Oui ça l’est, il existe de nombreuses circonstances dans lesquelles un numéro de téléphone a pu être récupéré par un parti politique : inscription à une liste, signature d’une pétition en lien avec le sujet, participation à un meeting etc… Parfois, ces circonstances ont simplement été oubliées avec le temps par la personne titulaire de la ligne. Cependant, il est également possible que les collectes des informations ne se soient pas déroulées de manière conforme. En juin dernier par exemple, la CNIL assurait qu’un candidat ou un parti politique pouvait acheter ou louer une base de données contenant des numéros de téléphone auprès d’une société privée. Il est donc possible de recevoir des messages de campagne d’un candidat sans pour autant avoir donné son consentement préalable ou bien avoir assisté à l’un de ses meetings. Toute la question réside donc dans « comment ces listes ont-elles été obtenues ? Quelles informations ces listes contiennent-elles ? ». N’oublions pas par exemple que le numéro de téléphone est une donnée personnelle, et comme toutes les autres, son utilisation doit répondre à un objectif précis. Que la collecte soit conforme ou pas, toute personne peut s’opposer à du démarchage.
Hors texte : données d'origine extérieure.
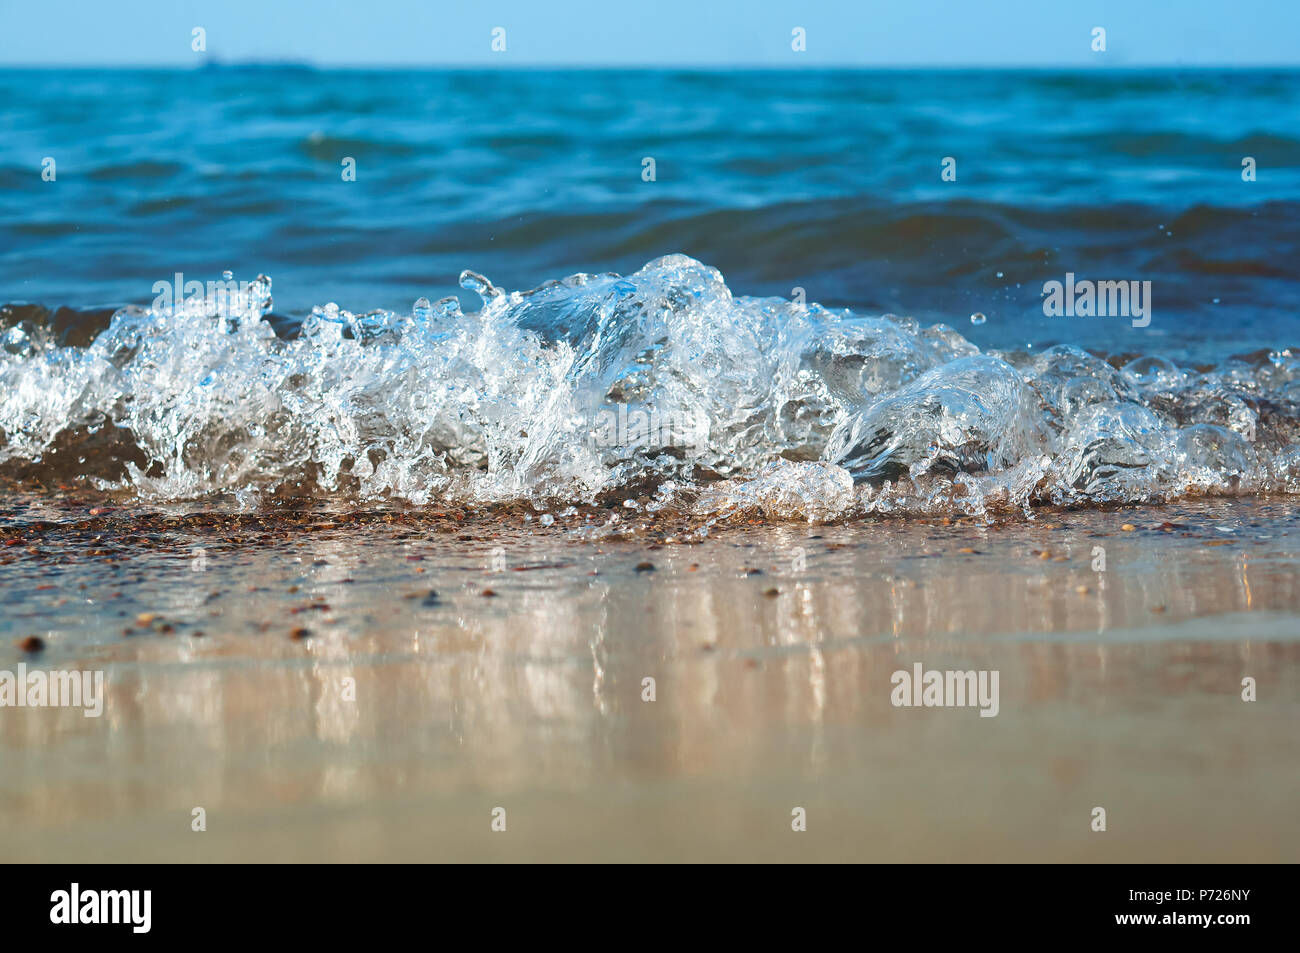 Onda de mar, una tormenta en el océano, la ola viene a tierra Foto de stock
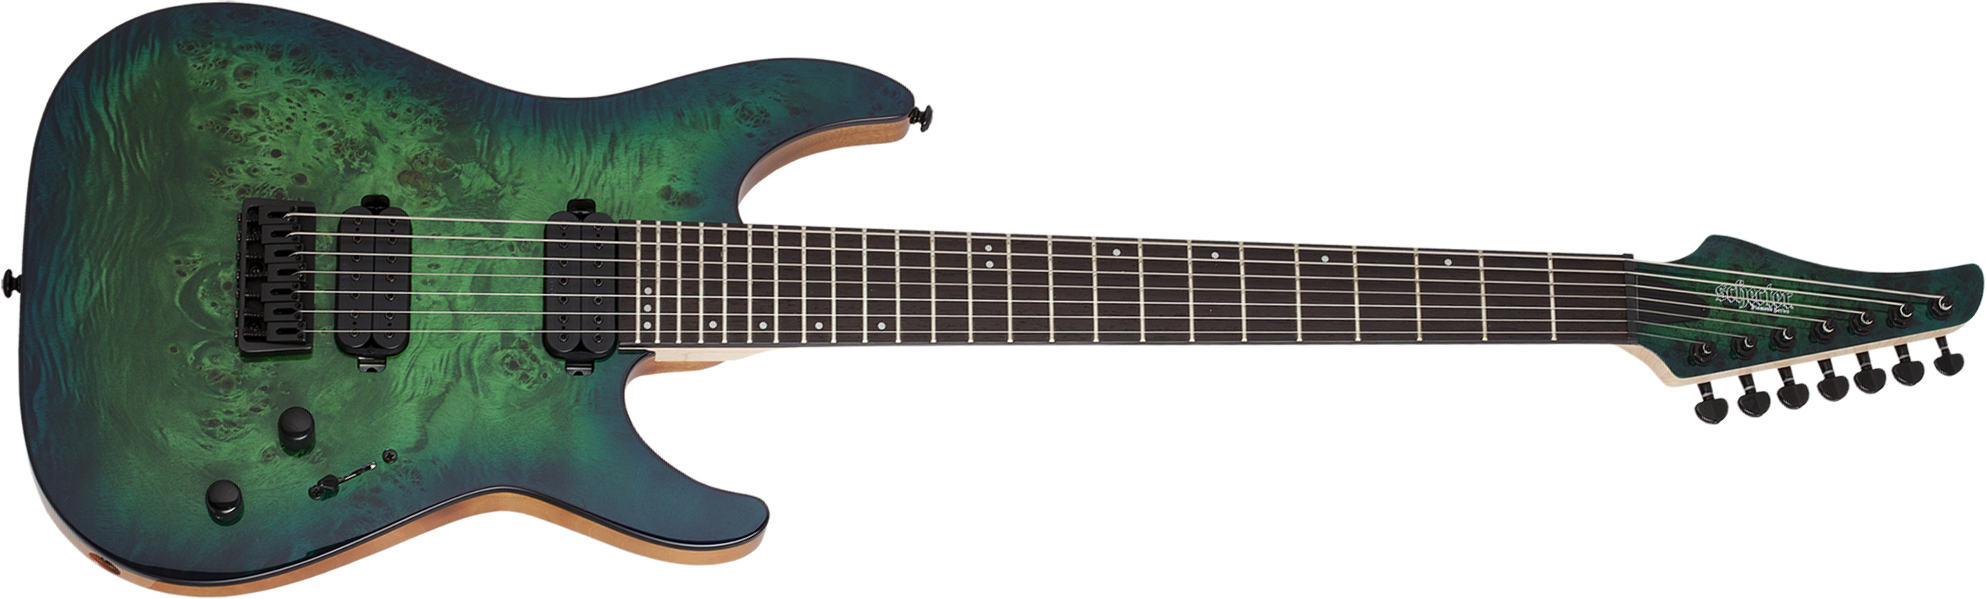 Schecter C-7 Pro 7c 2h Ht Wen - Aqua Burst - 7 string electric guitar - Main picture

Et que faire pour ne plus recevoir ce genre de sollicitations ?

En vertu du RGPD, les candidats et leurs partis doivent informer les électeurs de leurs droits individuels. Chacun doit pouvoir s’opposer directement à la manipulation de son numéro de téléphone ou à la réception de SMS politiques. De plus, il est obligatoire de faire figurer un lien de désinscription dans le message de type « STOP SMS ».

De plus, depuis le 1er juin 2016, il est possible de s’inscrire gratuitement sur la liste « Bloctel ». Avant de solliciter téléphoniquement un consommateur, les professionnels doivent s’assurer qu’il n’est pas inscrit sur la liste d’opposition. Une alternative de taille pour bloquer tous les démarchages abusifs. Le processus se fera directement via ce lien https://www.bloctel.gouv.fr/.

 

D’autre part, les partis politiques peuvent également être contactés directement pour demander l’arrêt de ce démarchage, ou, s’il est trouvé, le prestataire de services de ces sources.

Enfin, il y a une autre option sans faire remonter son opposition, il suffit de bloquer le numéro de la source du contact. Via IOS ou Android, il est désormais facile de bloquer les numéros qui nous contactent. Cela stoppera directement la réception d’appels ou de messages provenant de ce numéro.

 

Pour faire face à la multiplication de ces initiatives en campagne présidentielle, la CNIL a lancé son plan d’action afin de permettre à tous les électeurs de signaler tout abus de démarchage. Il s’agit d’un simple formulaire à remplir :  https://demarche.services.cnil.fr/signalement-elections/.

Après réception de ce formulaire, la CNIL pourra vérifier le type de démarchage et apporter des actions correctives au candidat concerné. Ce formulaire peut également être utilisé pour condamner le démarchage par courrier électronique ou directement via les réseaux sociaux tels que Facebook, Instagram ou Twitter.

 

Pour résumer – Que la prospection soit commerciale ou politique, elle doit rentrer dans le cadre du RGPD. En effet, il est autorisé d’utiliser une donnée personnelle mais celle-ci doit répondre à une utilisation bien précise. Il doit être possible de se désabonner à tout moment pour ne plus être contacté par un parti politique ou autre.